Most of the people that I've seen screaming that others shouldn't be called heroes are people that feel their sacrifices mean more than anyone else's. At the same time I've seen people that commit heinous crimes called a "hero", even as they face criminal charges for those crimes.

Caitlyn has shown "courage" and if you remove the ideal that the only heroes that exist are males, then Caitlyn - by the very definition of the word - qualifies as a hero. So do the many others that have publicly and privately stood up and fought for the rights of others. Rights that we all should inherently have. Rights that I have seen many soldiers say they proudly fight for, even if they don't agree with personal choices.

Speaking of soldiers, I've seen soooo many posts lately that state the ONLY TRUE HERO is a soldier and NEVER will anyone transgender be considered a hero.

When I see this, I think of one soldier in particular.

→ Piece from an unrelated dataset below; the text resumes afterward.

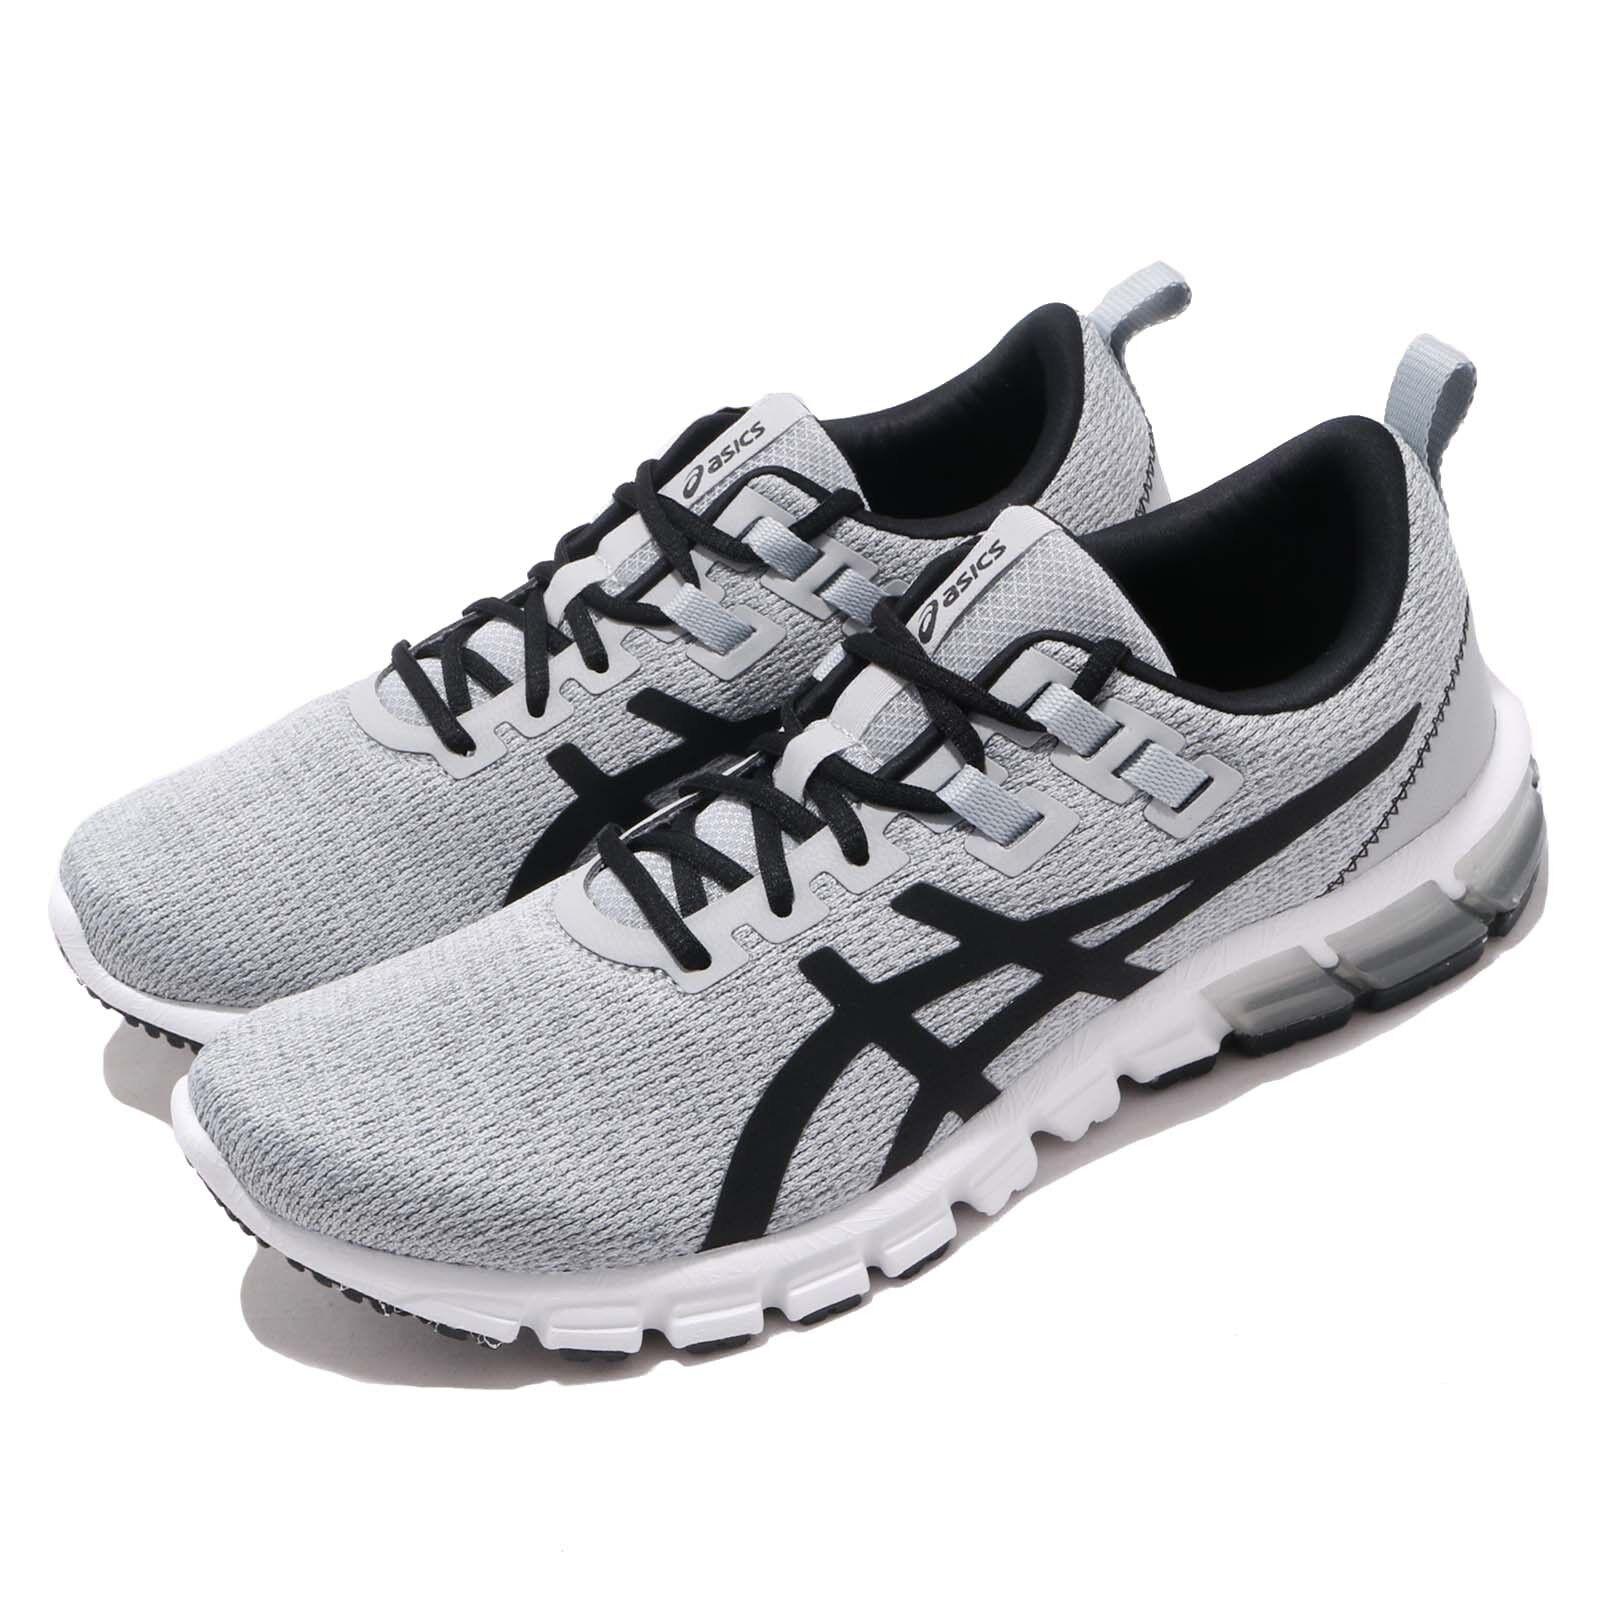 Asics Gel Quantum 90 gris Negro blancoo Hombres Running Zapatos TENIS 1021A123-020

A soldier who stated, “I have been a team and squad leader, a crew chief, and a machine gun section chief. I have been on over 400 combat missions in Iraq and Afghanistan, and fought side-by-side in foxholes and remote operating bases. As I fight for my country in foreign lands, all I want it is to be able to serve openly while keeping the job that I love."

I think that every solider would agree that this man is a hero. So, take a moment to Google him. He should be fairly easy to find.